Уже через два часа после утреннего звонка Чудакова на Третьей Лесной Поляне, дом двенадцать, появилась следственная группа из Москвы во главе со старшим следователем МУРа Щегловым. После того, как были проведены необходимые замеры и съемки, а также получены весьма скудные свидетельские показания от жителей дачного поселка, Щеглов пришел к неожиданному выводу: неизвестный, звонивший утром, и человек, оставивший в кабинете профессора Красницкого грязные следы, -- одно и то же лицо, коим является сосед Красницкого по даче, некто Чудаков М. Л., экспедитор магазина "Овощи-фрукты" No 257 города Москвы, ныне находящийся в очередном отпуске и исчезнувший неизвестно куда. Объем добытой Щегловым информации был хотя и невелик, но все же вполне достаточен, чтобы начать поиски преступника. Если верить словам звонившего неизвестного, преступник был высоким, плотным мужчиной в плаще с капюшоном и охотничьим ружьем; в районе двенадцати ночи он сел в электричку и отбыл по направлению к Москве. В самом поселке никто ничего не слышал и ни о каком выстреле понятия не имел. Тщательное обследование помещения, в котором был убит профессор Красницкий, не дало закаленному в бесчисленных схватках с уголовным миром следователю Щеглову никакой пищи для ума. Одна лишь деталь вызвала у сыщика чуть заметный блеск в глубоко сидящих глазах: на письменном столе профессора лежала новенькая, раскрытая на первой странице и еще не начатая общая тетрадь. Судя по всему, Красницкий собирался что-то записать в ней, но не успел, так как был застигнут убийцей врасплох. На первый взгляд так оно, казалось бы, и было. Однако опытный взгляд профессионального детектива уловил то, что вряд ли смог бы с ходу заметить дилетант: первые два листа из тетради были вырваны. Удовлетворенно хмыкнув, следователь Щеглов сунул тетрадь в обширный карман пиджака.

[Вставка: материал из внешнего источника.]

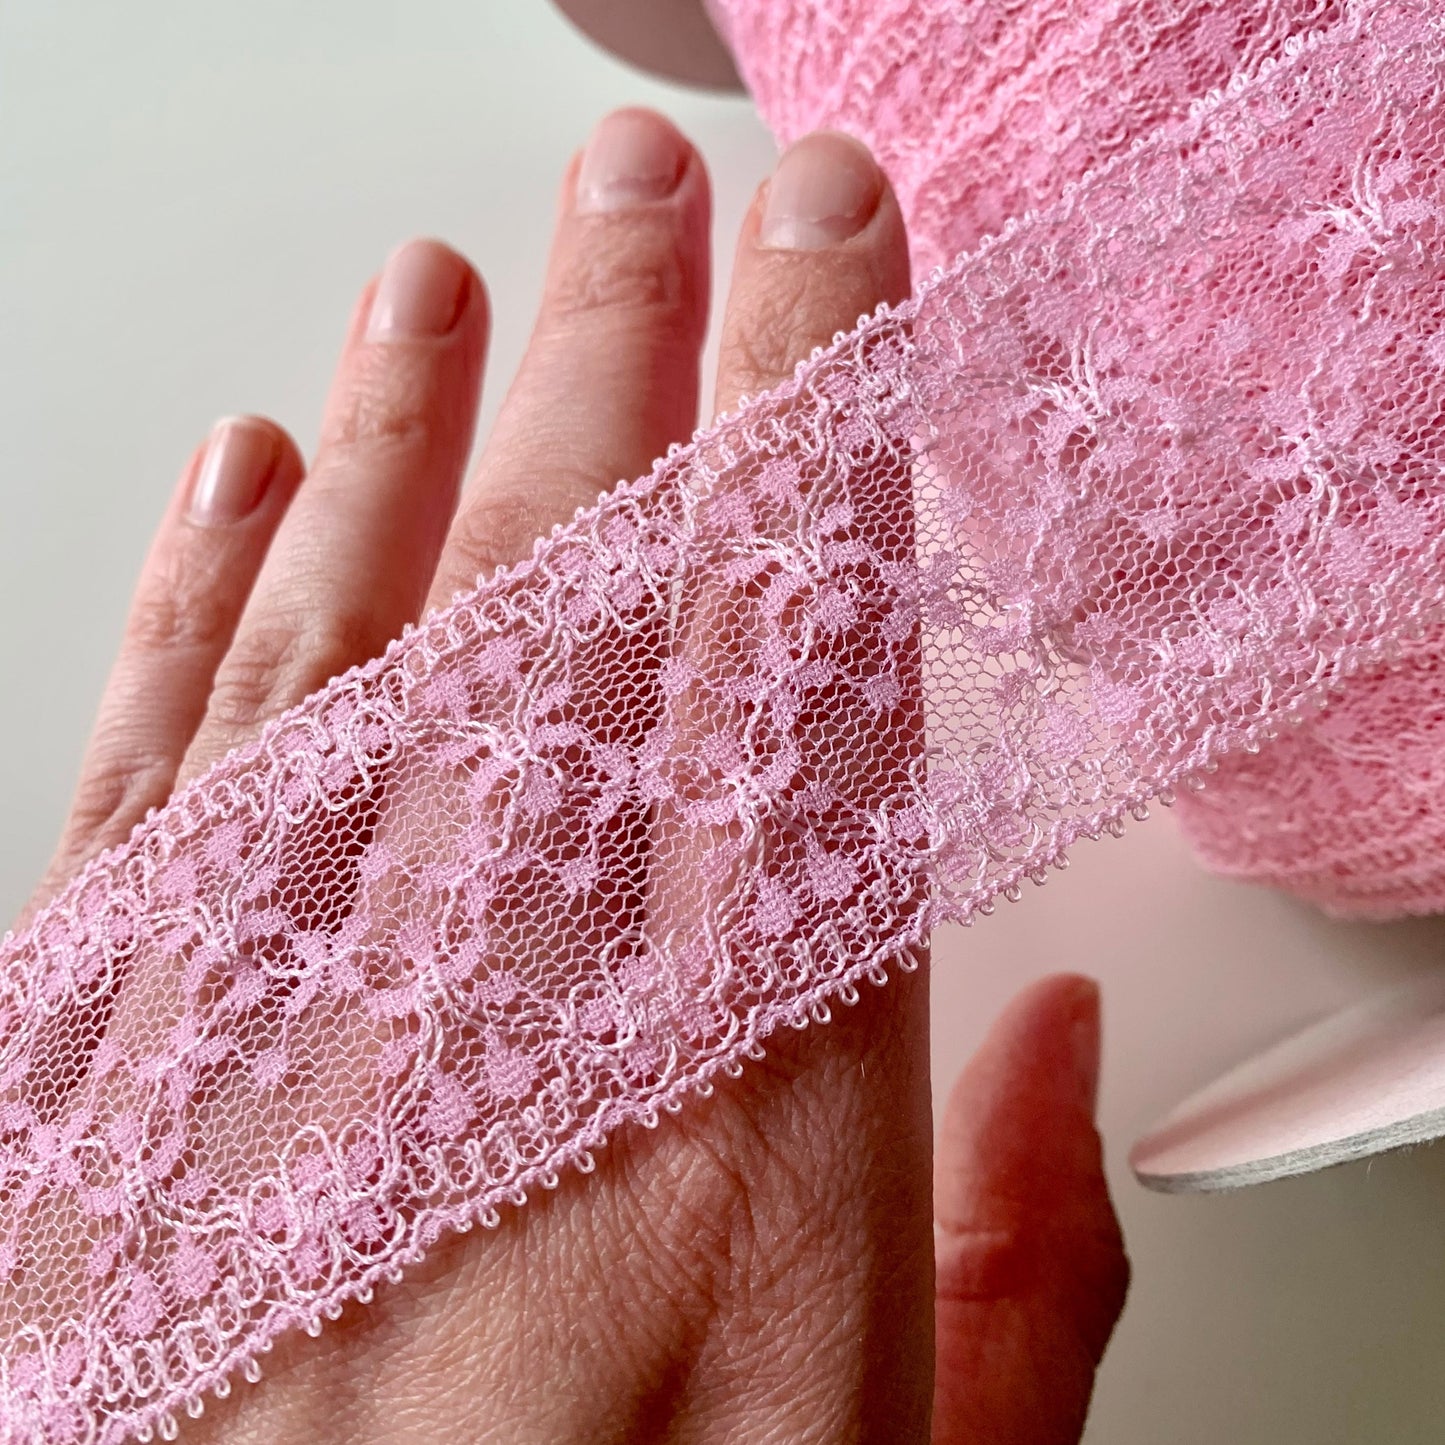 Rigid Nottingham Lace Trim by the Metre | 4.5cm wide | Pink floral lace | Lingerie Sewing Supplies | Price per metre

Изучив обстановку на месте и собрав воедино все имеющиеся факты, следователь Щеглов решил, что дальнейшее его пребывание в Снегирях бессмысленно, и отбыл со свитой в Москву, уступив место происшествия медикам-криминалистам.
В Москве следователь Щеглов первым делом отправил тетрадь профессора Красницкого на экспертизу. Потом он вызвал двух своих помощников и дал им следующее задание: найти машиниста, который вел поезд с предполагаемым преступником нынешней ночью (неизвестный, звонивший утром, сообщил точное время следования электропоезда через станцию Снегири) и подробно разузнать у него, что он видел или слышал об интересующем их лице; далее, найти, если удастся, пассажиров с того поезда и переговорить с ними, а также со всеми, кто так или иначе мог оказаться случайным свидетелем. По поводу пассажиров оба помощника выразили некоторые сомнения, что, мол, где ж их теперь разыщешь, но следователь Щеглов обжег их таким грозным взглядом, что они тут же решили сами дать, если потребуется, любые свидетельские показания, какие нужны будут их шефу.
К трем часам пополудни оба сыщика вернулись с ворохом свежей информации. Выяснилось следующее. Машинист электропоезда, следовавшего нынешней ночью от станции Синицыно в Москву, действительно видел человека, садящегося в вверенный ему состав на станции Снегири, причем человек этот, как и следовало ожидать, был в плаще и с охотничьим ружьем. Он был единственный, кто сел в Снегирях -- именно поэтому машинист и обратил на него внимание. В это время суток, добавил машинист, пассажиров бывает немного, а в Снегирях -- этой маленькой захолустной станции -- обычно вообще никто не садится.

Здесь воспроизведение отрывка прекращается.